_PROMPT_
Return all the data below as it stands, minus the pictures.

_DATA_
···
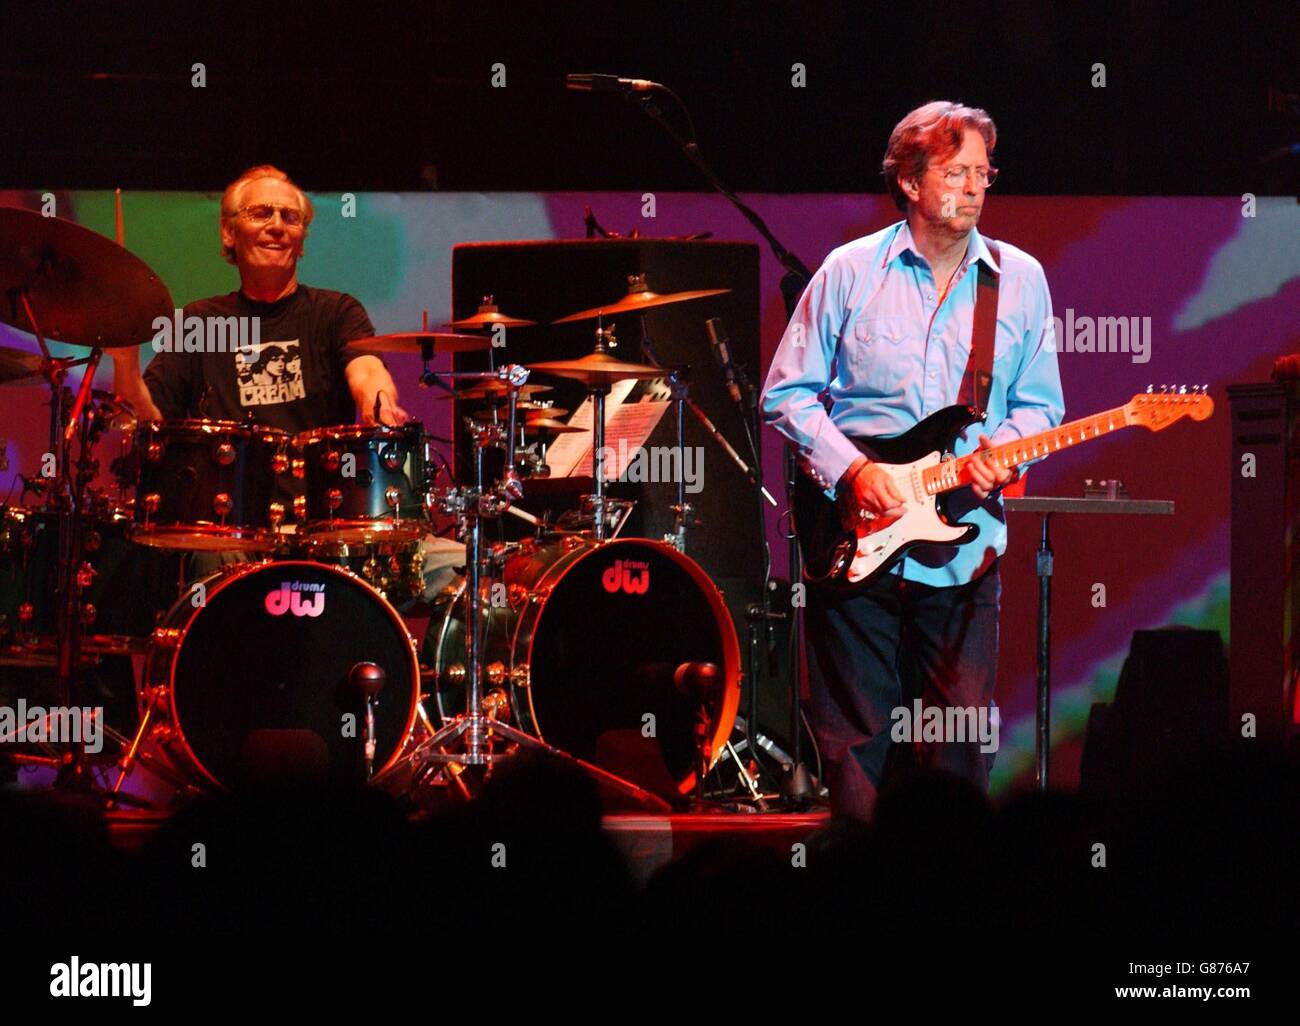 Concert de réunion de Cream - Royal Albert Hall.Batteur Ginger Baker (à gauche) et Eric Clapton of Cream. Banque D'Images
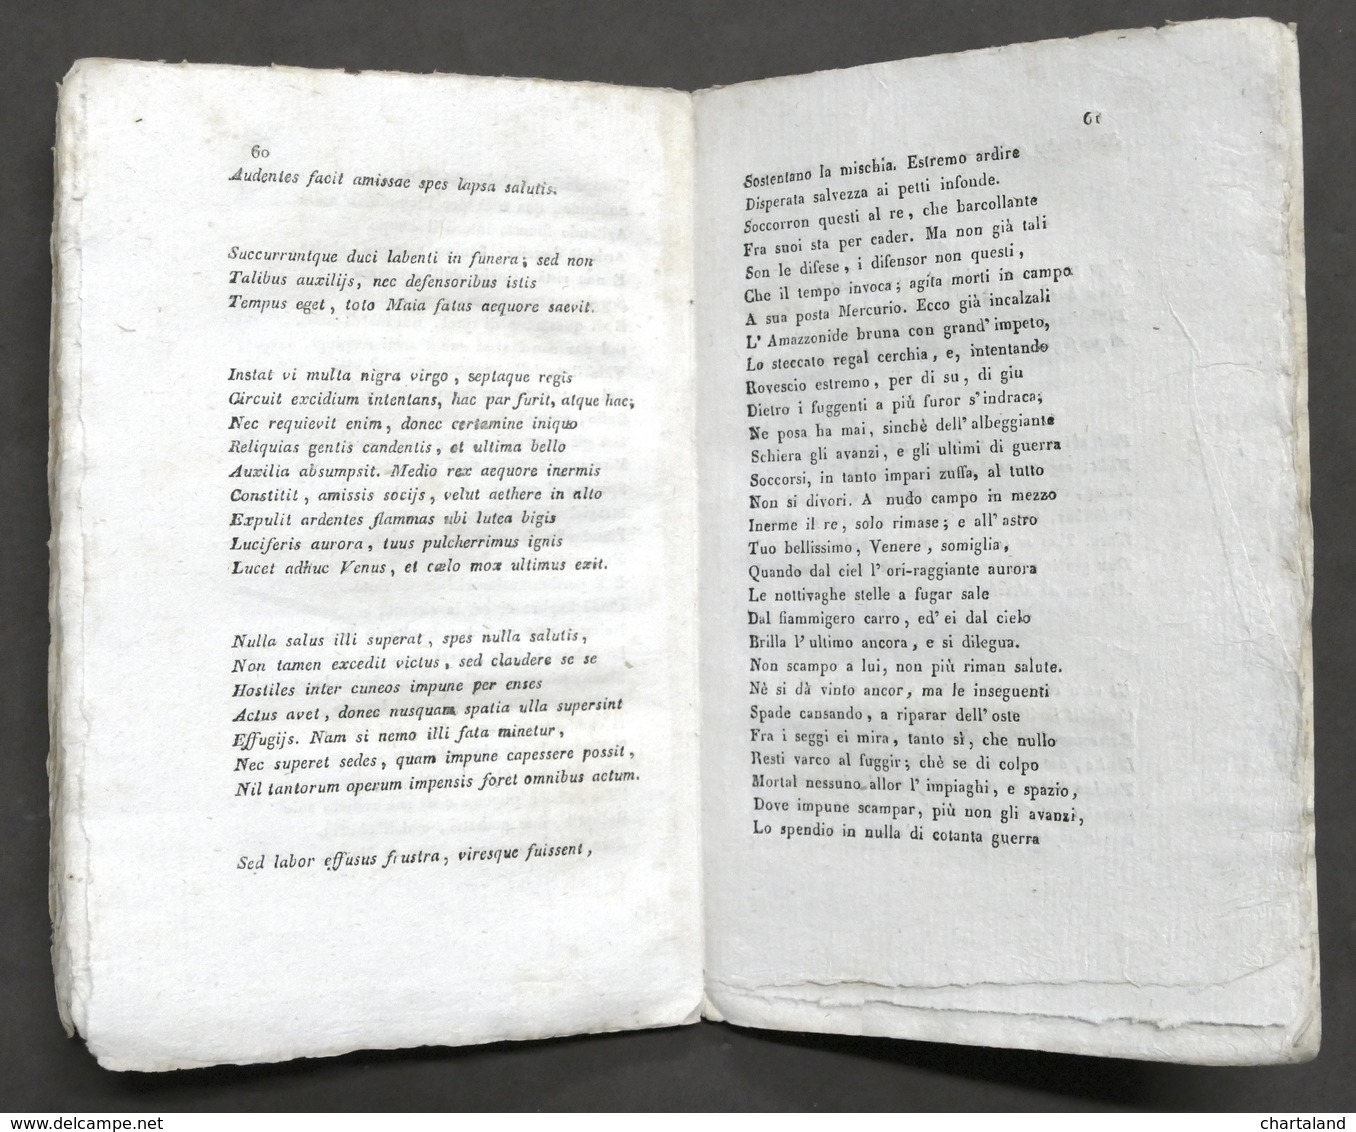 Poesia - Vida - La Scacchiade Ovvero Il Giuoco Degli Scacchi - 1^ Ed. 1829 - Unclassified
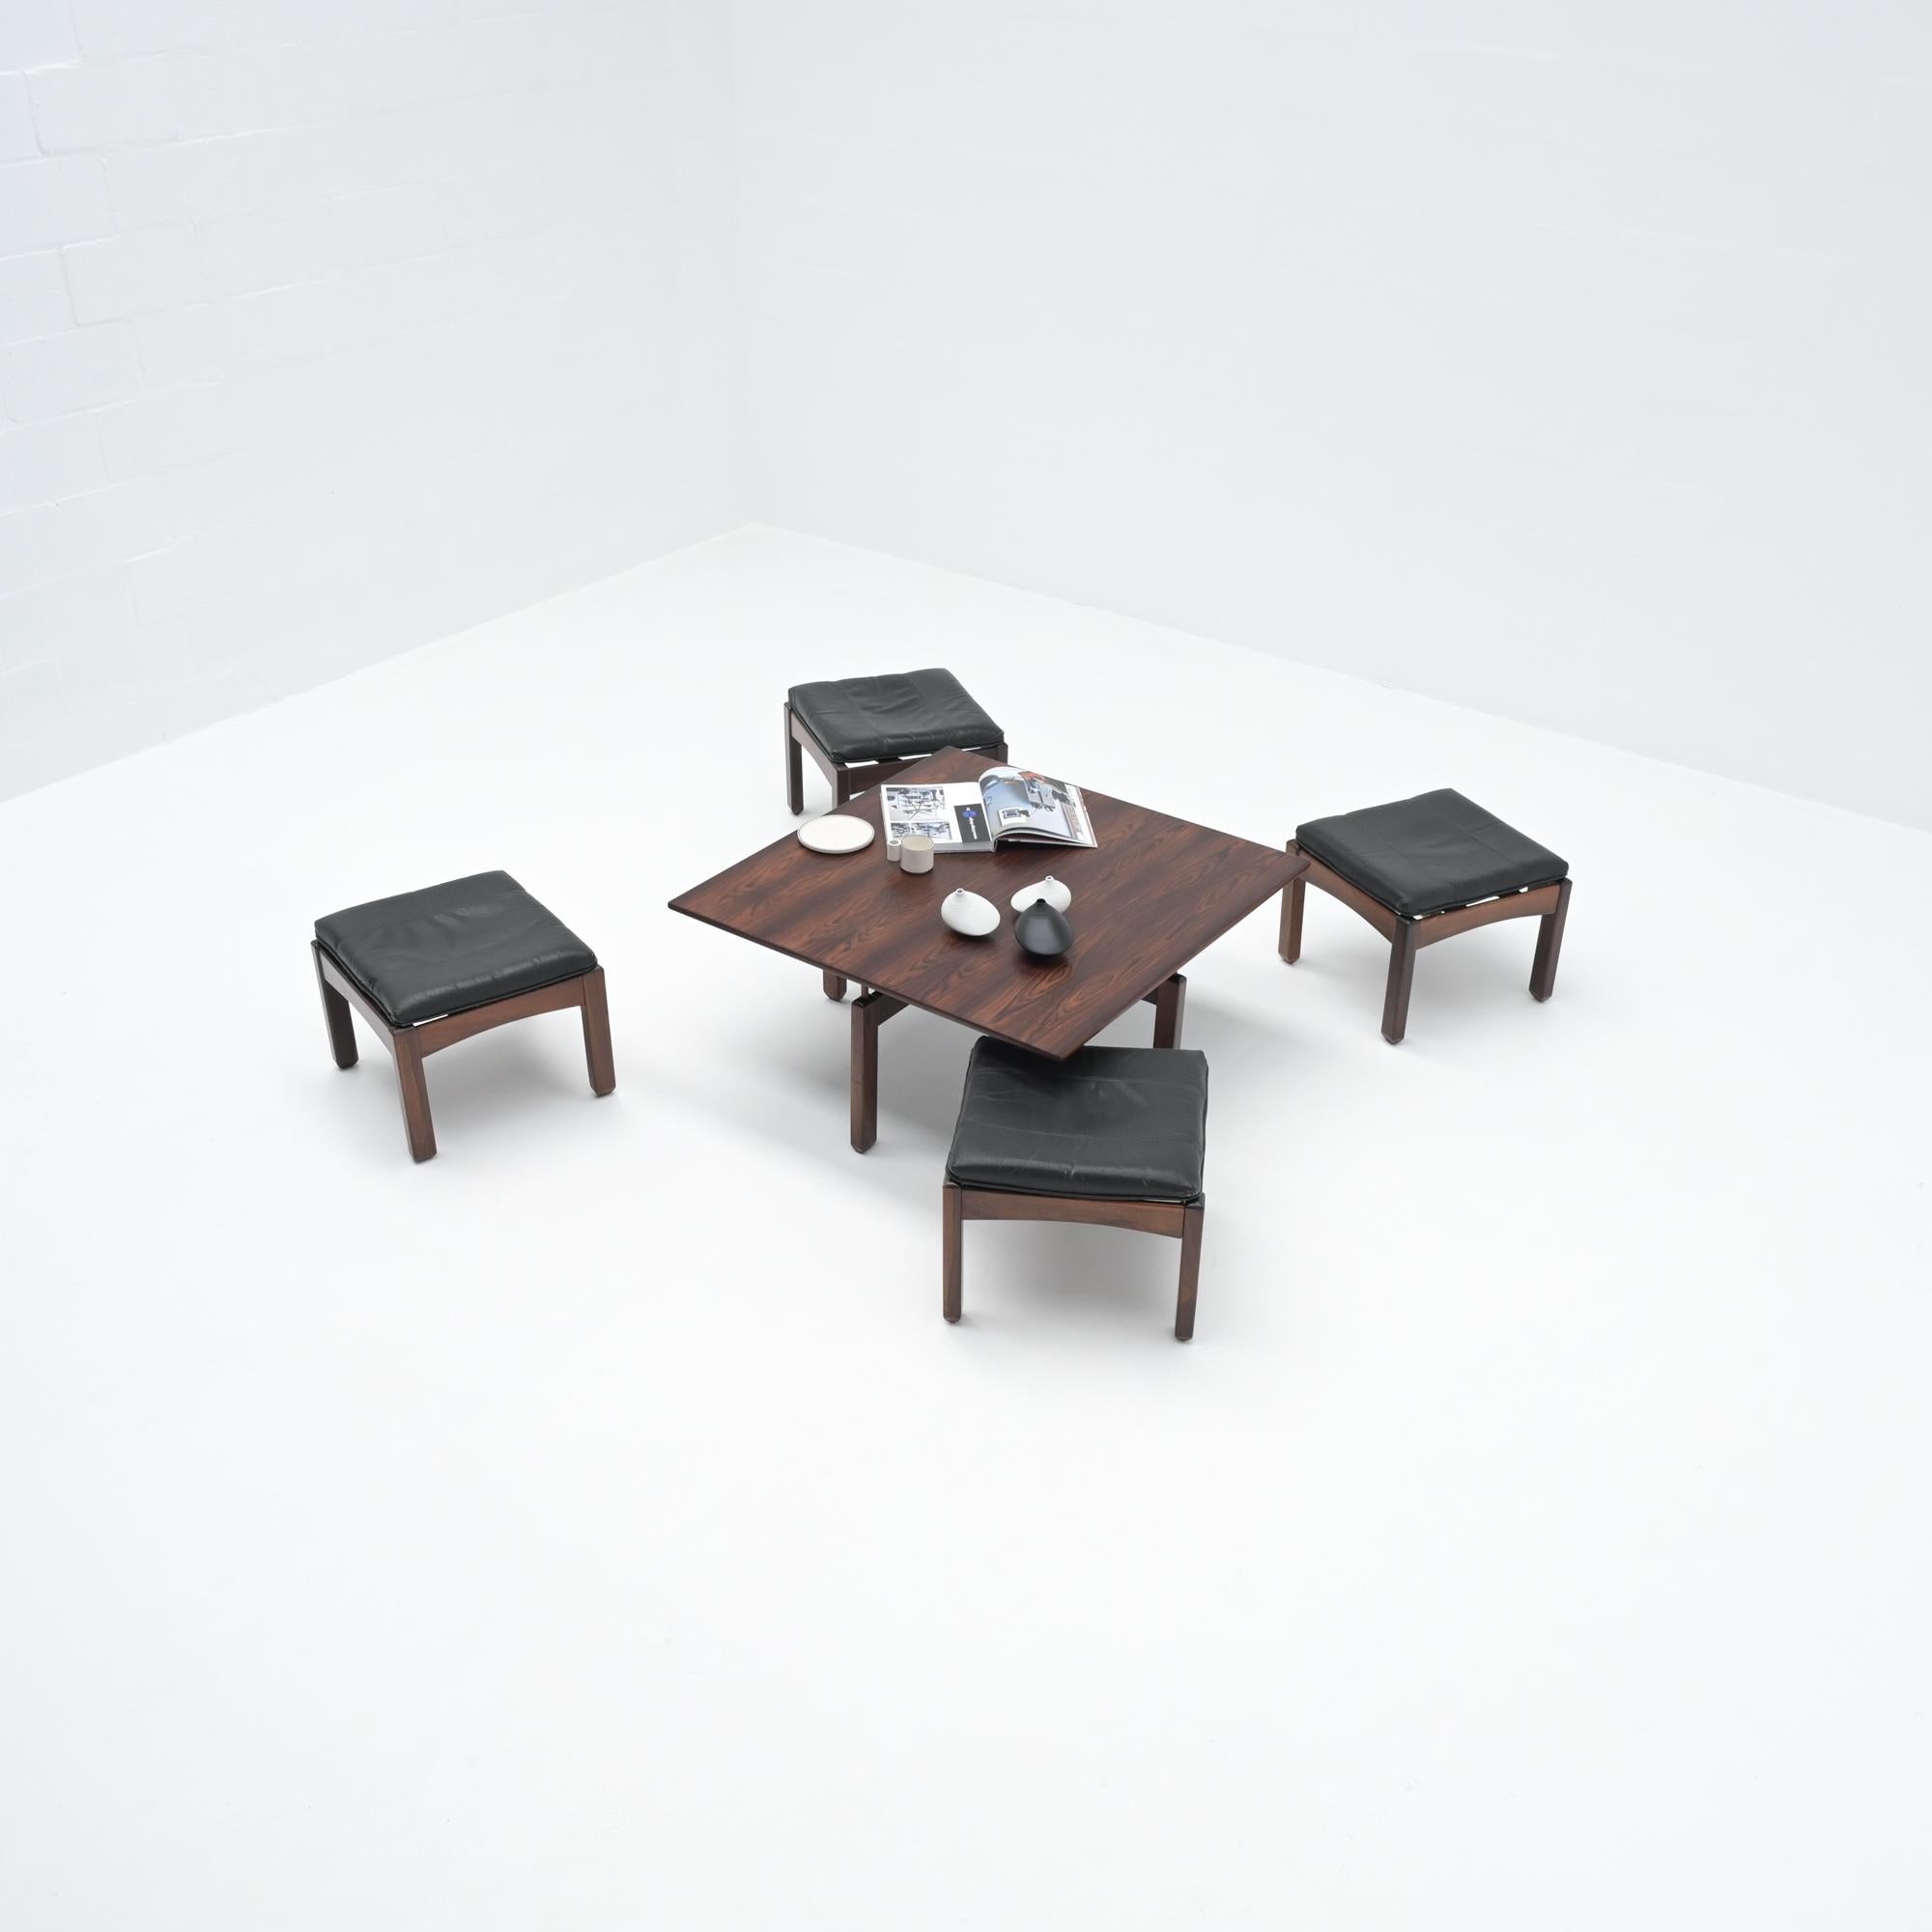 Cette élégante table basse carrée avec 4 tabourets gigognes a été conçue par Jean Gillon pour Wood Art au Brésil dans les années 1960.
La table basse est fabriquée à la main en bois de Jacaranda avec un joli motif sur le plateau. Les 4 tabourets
···
_EXERCISE SOLUTION_
 Concert de réunion de Cream - Royal Albert Hall.Batteur Ginger Baker (à gauche) et Eric Clapton of Cream. Banque D'Images
 Poesia - Vida - La Scacchiade Ovvero Il Giuoco Degli Scacchi - 1^ Ed. 1829 - Unclassified
 Cette élégante table basse carrée avec 4 tabourets gigognes a été conçue par Jean Gillon pour Wood Art au Brésil dans les années 1960.
La table basse est fabriquée à la main en bois de Jacaranda avec un joli motif sur le plateau. Les 4 tabourets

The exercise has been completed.